# Concept graph

### Creating concept graph from DBpedia

#### Rappel des principales relations entre concepts:

- Hypernyme: A est un hypernyme de B **si** B est un A (animal est hypernyme de chien)
- Hyponyme: A est un hypernyme de B **si** A est un B (insuline est hypernyme de hormone)
- Méronyme: A est méronyme de B **si** A est une partie de B (bras est méronyme de corps)

In [2]:
import matplotlib.pyplot as plt
import numpy as np
import os
import codecs

concepts_path= "/home/ismael/Documents/semantic_deep_neuralIR/data/annotated_collection_tagme_score/relation"

### Là j'extrais les concepts du bail 

- https://wiki.dbpedia.org/Downloads2014
- https://wiki.dbpedia.org/downloads-2016-10
- https://wiki.dbpedia.org/data-set-39

In [92]:
from bs4 import BeautifulSoup

ontology_concepts = set({"Thing"})
ontology_relations = []

with open("data/dbpedia_3.4.owl", "r") as file:
    filecontent = file.read()
    harira = BeautifulSoup(filecontent, "html.parser")
    docs = harira.find_all("owl:class")

for ontology_class in docs:
    if ontology_class.find("rdfs:label"):
        nom = ontology_class.contents[1].string.replace(" ", "")
        parent = ontology_class.contents[3]["rdf:resource"].replace("http://dbpedia.org/ontology/", "")
        ontology_concepts.add(nom)
        if parent != "http://www.w3.org/2002/07/owl#Thing":
            ontology_relations.append((parent, nom))
        else:
            ontology_relations.append(("Thing", nom))

In [86]:
print("il y a {} concepts et {} relations.".format(len(ontology_concepts), len(ontology_relations)))

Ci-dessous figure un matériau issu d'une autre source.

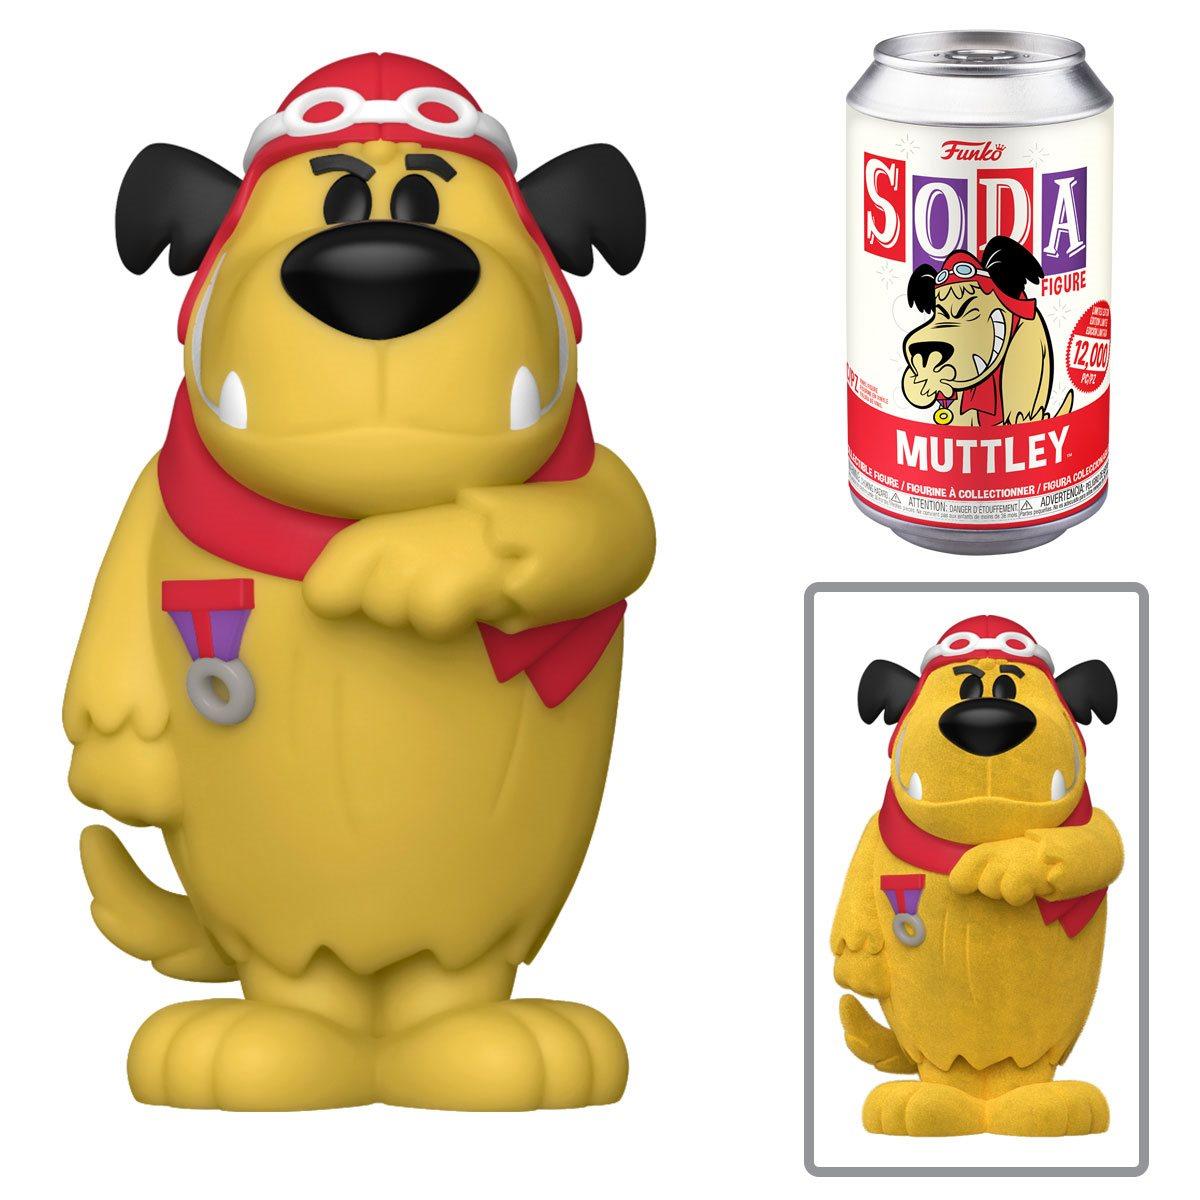 PRÉ VENDA: Lata Pop! Muttley: Hanna Barbera Vinyl Soda: ( Edição Limitada) - Funko

il y a 205 concepts et 204 relations.


In [90]:
"Entomologist" in ontology_concepts

False

In [97]:
with open("data/dbpedia_2016-10.nt", "r") as file:
    for line in file:
        lol = line.split(" ")
        if lol[1] == "<http://www.w3.org/2000/01/rdf-schema#subClassOf>":
            nom = lol[0].replace('<http://dbpedia.org/ontology/', "")[:-1]
            if '<http://dbpedia.org/ontology/' in lol[2]:
                parent = lol[2].replace('<http://dbpedia.org/ontology/', "")[:-1]
            elif "<http://www.w3.org/2002/07/owl#Thing>" in lol[2]:
                parent = "Thing"
            ontology_concepts.add(parent)
            ontology_concepts.add(nom)
            ontology_relations.append((parent, nom))
print("il y a {} concepts et {} relations.".format(len(ontology_concepts), len(ontology_relations)))

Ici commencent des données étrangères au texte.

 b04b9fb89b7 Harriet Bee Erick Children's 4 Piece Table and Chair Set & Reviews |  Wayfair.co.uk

il y a 766 concepts et 973 relations.


In [130]:
"Mammal" in ontology_concepts

True

### Là j'ajoute les instances (entités nommées)

Il y en a beaucoup trop, donc on sélectionne seulement:
- Tous les concepts du corpus robust 2004
- Tous les pays
- Toutes les "organisations"

### Lecture des concepts du corpus robust:

In [137]:
#lecture du corpus annoté de Robust 2004
corpus_concepts = set()

for root, dirs, files in os.walk(concepts_path):
    for file in files:
        with open(root+os.sep+file, "r") as f:
            for line in f:
                for concept in line.strip().split("|"):
                    corpus_concepts.add(concept.replace("_", "").replace("$#!", ""))

In [139]:
print("il y a {} concepts.".format(len(corpus_concepts)))

il y a 82178 concepts.


In [180]:
types_to_keep = ["Organisation", "Country"]

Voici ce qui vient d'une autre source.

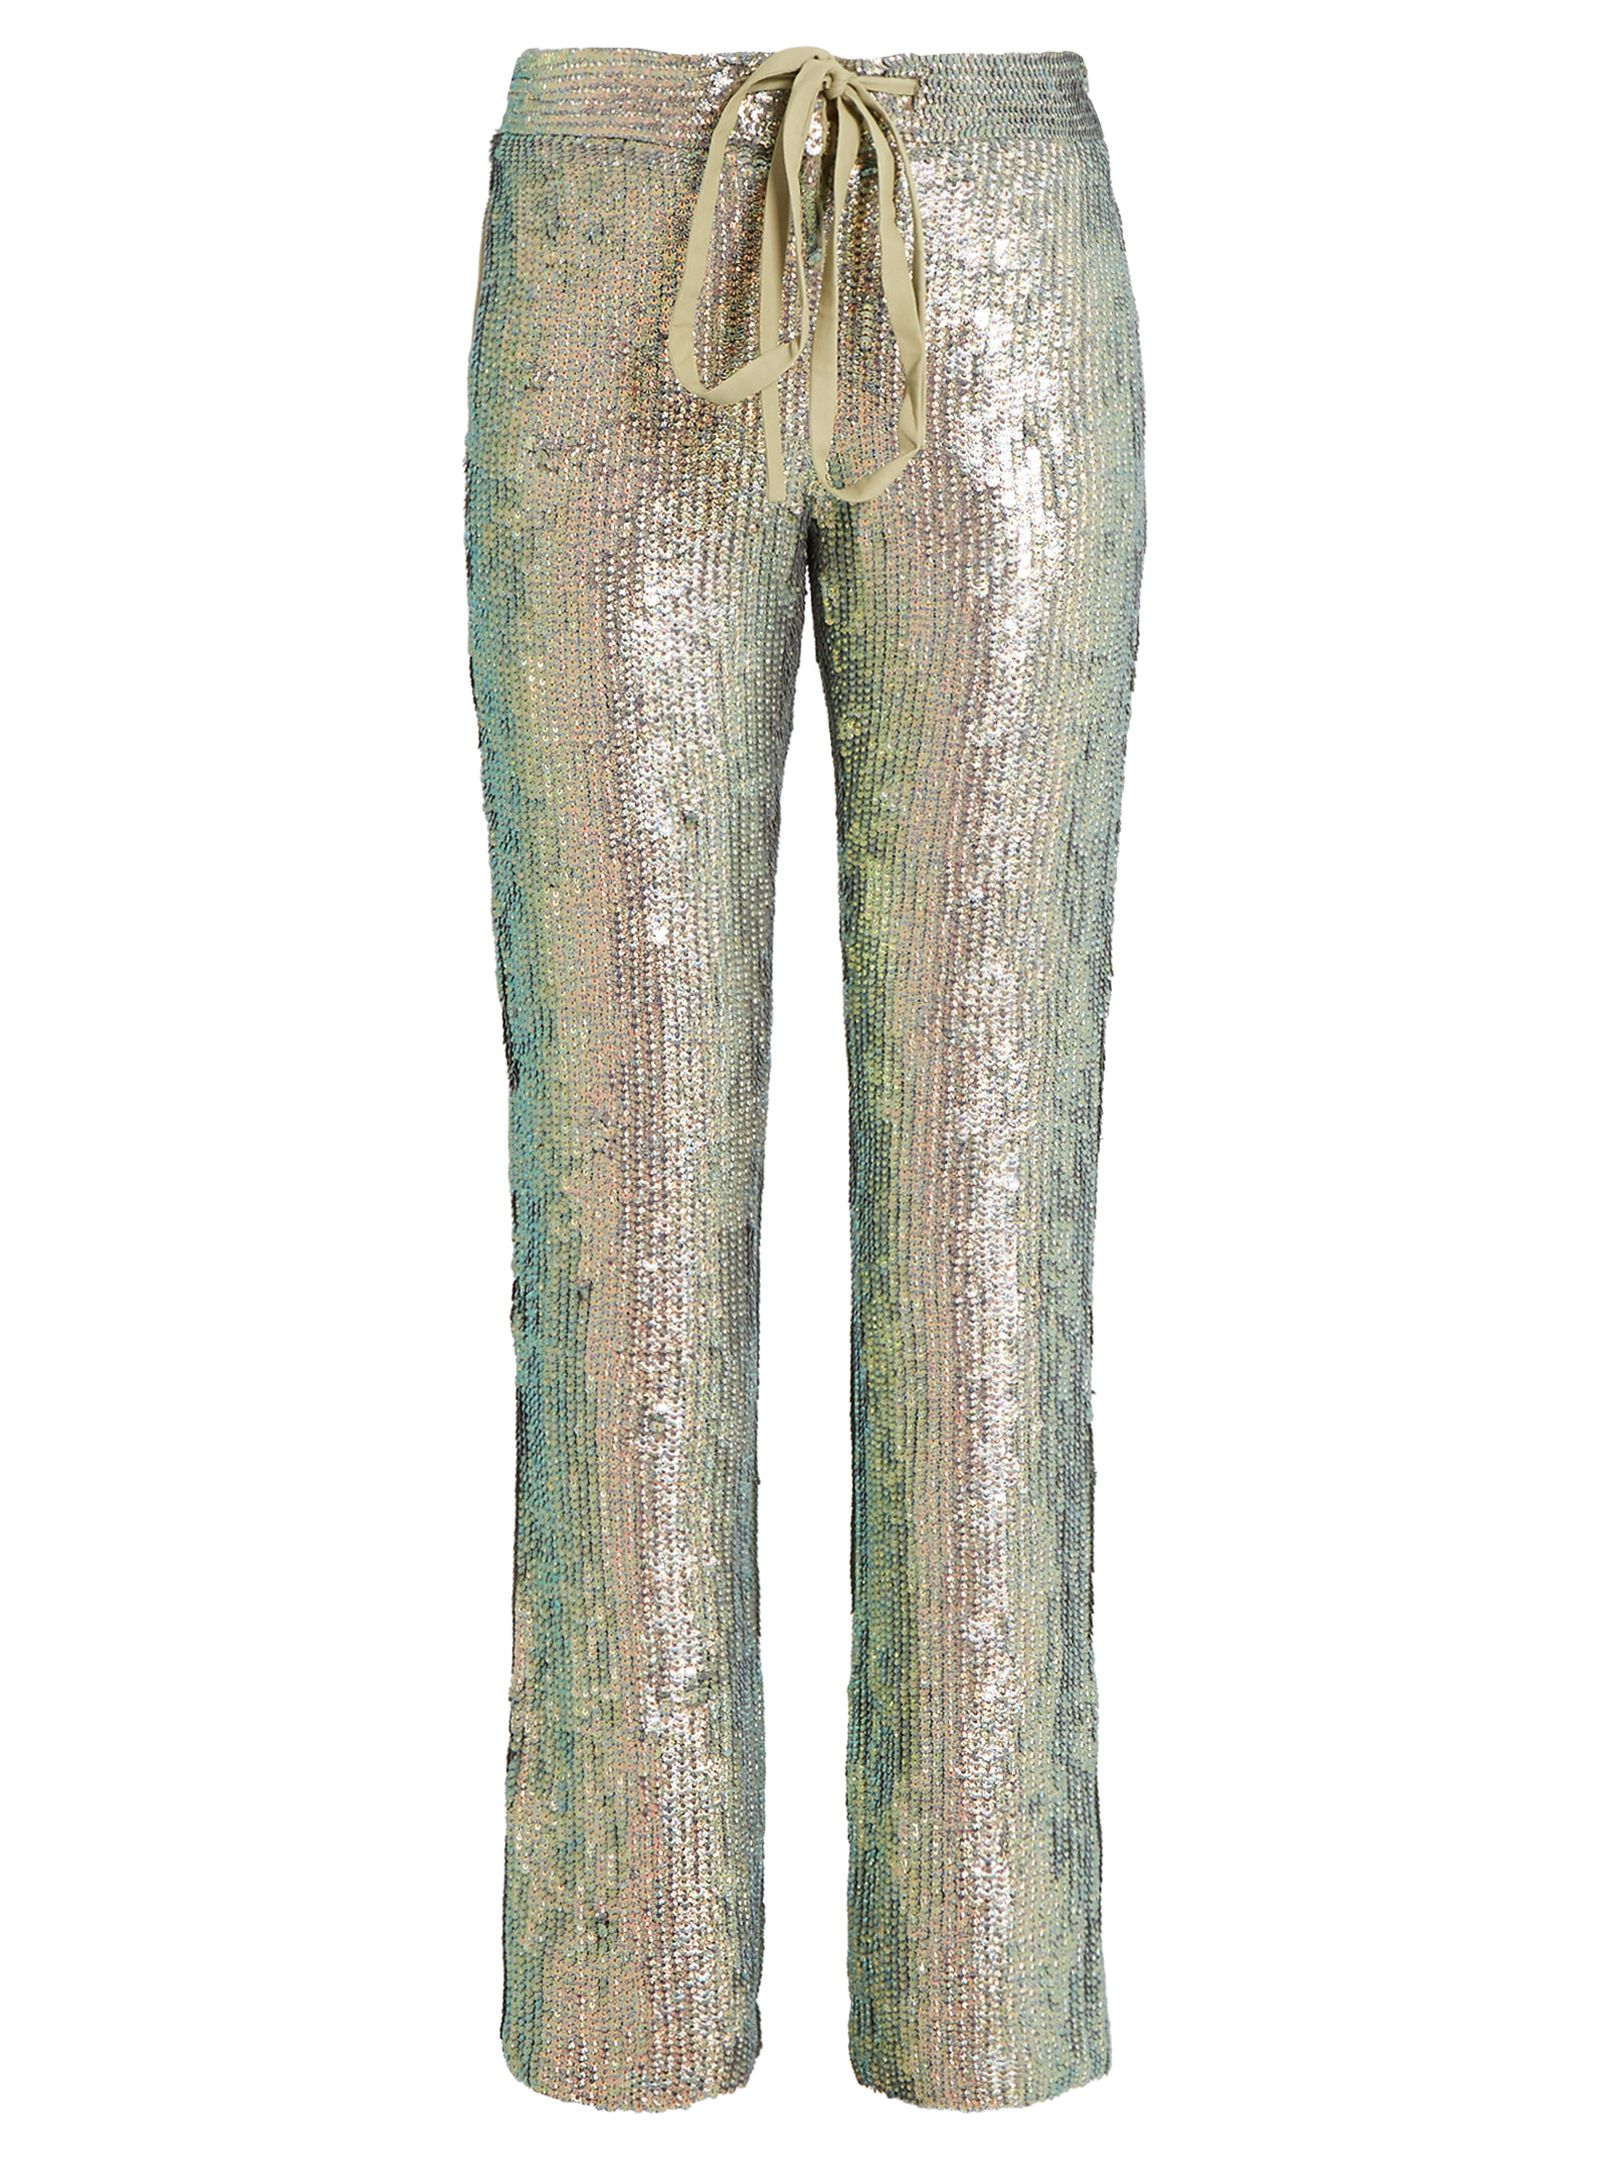 Slim-leg sequin-embellished trousers | Rosie Assoulin | MATCHESFASHION.COM AU

instances_concepts = set()
instances_relations = []

with open("data/instance_types_en.nt", "r") as file:
    i = 0
    bailencours = ""
    relationsencours = []
    for line in file:
        if i > 0:
            lol = line.split()
            if "<http://dbpedia.org/ontology/" in lol[2]:
                nom = lol[0].replace('<http://dbpedia.org/resource/', "")[:-1]
                parent = lol[2].replace('<http://dbpedia.org/ontology/', "")[:-1]
                if nom != bailencours:
                    if (nom in corpus_concepts) or ("Country" in relationsencours):
                        instances_concepts.add(bailencours)
                        instances_relations.append((relationsencours[0], bailencours))
                    bailencours = nom
                    relationsencours = []
                    
                bailencours = nom
                relationsencours.append(parent)
        i+=1

In [193]:
len(instances_concepts) + len(ontology_concepts)

11634

In [199]:
import pickle

pickle.dump(ontology_concepts.union(instances_concepts), open('data/concepts.pkl', 'wb'))

### Là je construis le graphe

In [183]:
import networkx as nx

G = nx.Graph()

G.add_nodes_from(ontology_concepts)
G.add_edges_from(ontology_relations)

G.add_nodes_from(instances_concepts)
G.add_edges_from(instances_relations)

In [198]:
list(nx.shortest_path(G, 'France', 'Bethesda_Softworks'))
#list(G.neighbors('Bethesda_Softworks'))

['France',
 'Country',
 'PopulatedPlace',
 'Place',
 'Thing',
 'Organisation',
 'Company',
 'Bethesda_Softworks']

In [None]:
plt.figure(figsize=(100,75))
plt.axis("off")
nx.draw_networkx(G)
plt.savefig("images/ontology.png")
plt.show()